Collected data entries

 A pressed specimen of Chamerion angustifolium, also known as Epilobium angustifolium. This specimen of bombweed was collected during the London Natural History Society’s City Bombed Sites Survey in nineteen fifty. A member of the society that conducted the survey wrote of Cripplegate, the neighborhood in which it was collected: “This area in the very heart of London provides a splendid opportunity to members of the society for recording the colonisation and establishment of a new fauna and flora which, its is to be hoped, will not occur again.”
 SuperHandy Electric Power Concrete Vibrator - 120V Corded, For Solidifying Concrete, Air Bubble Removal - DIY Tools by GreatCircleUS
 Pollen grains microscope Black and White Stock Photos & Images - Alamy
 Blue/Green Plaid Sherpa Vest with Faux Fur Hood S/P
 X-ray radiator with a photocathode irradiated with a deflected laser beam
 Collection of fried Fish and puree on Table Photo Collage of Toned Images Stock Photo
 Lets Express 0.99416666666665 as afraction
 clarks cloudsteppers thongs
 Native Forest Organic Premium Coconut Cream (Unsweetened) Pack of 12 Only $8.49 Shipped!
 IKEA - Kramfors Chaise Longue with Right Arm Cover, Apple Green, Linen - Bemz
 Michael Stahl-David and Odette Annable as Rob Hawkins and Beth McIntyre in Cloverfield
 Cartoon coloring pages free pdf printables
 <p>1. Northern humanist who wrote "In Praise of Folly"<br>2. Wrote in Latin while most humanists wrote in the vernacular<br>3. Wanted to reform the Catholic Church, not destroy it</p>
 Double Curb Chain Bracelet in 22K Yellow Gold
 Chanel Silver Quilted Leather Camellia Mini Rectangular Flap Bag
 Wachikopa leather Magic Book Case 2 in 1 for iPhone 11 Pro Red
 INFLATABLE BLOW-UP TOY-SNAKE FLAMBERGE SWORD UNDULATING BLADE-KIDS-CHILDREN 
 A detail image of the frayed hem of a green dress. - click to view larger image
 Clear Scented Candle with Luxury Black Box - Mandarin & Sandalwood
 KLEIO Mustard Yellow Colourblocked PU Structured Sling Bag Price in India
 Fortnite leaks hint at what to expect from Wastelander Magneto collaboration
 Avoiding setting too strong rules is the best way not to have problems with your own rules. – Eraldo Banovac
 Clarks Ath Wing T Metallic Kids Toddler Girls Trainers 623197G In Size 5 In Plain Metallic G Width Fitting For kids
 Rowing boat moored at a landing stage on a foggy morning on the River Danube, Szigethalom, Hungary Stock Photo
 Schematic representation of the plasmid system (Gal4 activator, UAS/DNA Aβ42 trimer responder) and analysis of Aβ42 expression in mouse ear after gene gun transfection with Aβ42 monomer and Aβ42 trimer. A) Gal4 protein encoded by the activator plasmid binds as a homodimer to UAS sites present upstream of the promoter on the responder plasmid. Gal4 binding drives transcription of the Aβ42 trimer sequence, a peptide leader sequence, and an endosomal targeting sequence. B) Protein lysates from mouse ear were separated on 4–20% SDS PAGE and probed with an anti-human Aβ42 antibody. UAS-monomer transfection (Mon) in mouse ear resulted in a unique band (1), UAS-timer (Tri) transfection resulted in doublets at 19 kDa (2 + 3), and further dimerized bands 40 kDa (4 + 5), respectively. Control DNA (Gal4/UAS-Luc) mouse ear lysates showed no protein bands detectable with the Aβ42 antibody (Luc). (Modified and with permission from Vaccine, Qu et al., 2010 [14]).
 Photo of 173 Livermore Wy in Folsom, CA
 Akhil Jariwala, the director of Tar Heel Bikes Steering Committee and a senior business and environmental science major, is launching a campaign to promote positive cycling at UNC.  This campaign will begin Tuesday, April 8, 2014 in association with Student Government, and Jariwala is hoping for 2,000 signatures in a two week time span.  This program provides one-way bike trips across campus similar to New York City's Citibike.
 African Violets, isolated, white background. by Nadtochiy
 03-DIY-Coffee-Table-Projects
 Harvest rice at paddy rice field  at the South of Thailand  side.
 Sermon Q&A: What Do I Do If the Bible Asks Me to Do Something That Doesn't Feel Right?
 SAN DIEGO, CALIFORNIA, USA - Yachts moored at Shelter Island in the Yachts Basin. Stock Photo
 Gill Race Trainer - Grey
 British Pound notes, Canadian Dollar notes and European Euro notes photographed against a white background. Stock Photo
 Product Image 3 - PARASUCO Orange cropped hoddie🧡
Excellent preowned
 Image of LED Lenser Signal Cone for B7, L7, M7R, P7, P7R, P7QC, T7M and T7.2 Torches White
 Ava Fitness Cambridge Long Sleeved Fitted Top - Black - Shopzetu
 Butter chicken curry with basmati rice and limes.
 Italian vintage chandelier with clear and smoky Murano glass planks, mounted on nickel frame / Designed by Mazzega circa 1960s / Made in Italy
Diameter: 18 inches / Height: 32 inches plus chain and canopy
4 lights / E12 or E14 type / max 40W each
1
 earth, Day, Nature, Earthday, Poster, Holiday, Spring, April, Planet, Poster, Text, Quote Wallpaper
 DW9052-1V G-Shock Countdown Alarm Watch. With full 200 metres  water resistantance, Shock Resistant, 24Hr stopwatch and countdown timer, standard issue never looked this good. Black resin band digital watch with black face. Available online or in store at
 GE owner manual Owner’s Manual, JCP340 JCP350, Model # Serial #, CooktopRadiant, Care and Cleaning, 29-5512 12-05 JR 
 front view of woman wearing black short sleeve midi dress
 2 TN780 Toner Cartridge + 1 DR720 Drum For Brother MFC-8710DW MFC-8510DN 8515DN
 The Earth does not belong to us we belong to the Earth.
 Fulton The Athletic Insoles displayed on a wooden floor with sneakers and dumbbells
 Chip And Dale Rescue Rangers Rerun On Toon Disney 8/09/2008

[TASK BRIEF]
For each line above that includes "wrote", copy the line.

[TASK SOLUTION]
 A pressed specimen of Chamerion angustifolium, also known as Epilobium angustifolium. This specimen of bombweed was collected during the London Natural History Society’s City Bombed Sites Survey in nineteen fifty. A member of the society that conducted the survey wrote of Cripplegate, the neighborhood in which it was collected: “This area in the very heart of London provides a splendid opportunity to members of the society for recording the colonisation and establishment of a new fauna and flora which, its is to be hoped, will not occur again.”
 <p>1. Northern humanist who wrote "In Praise of Folly"<br>2. Wrote in Latin while most humanists wrote in the vernacular<br>3. Wanted to reform the Catholic Church, not destroy it</p>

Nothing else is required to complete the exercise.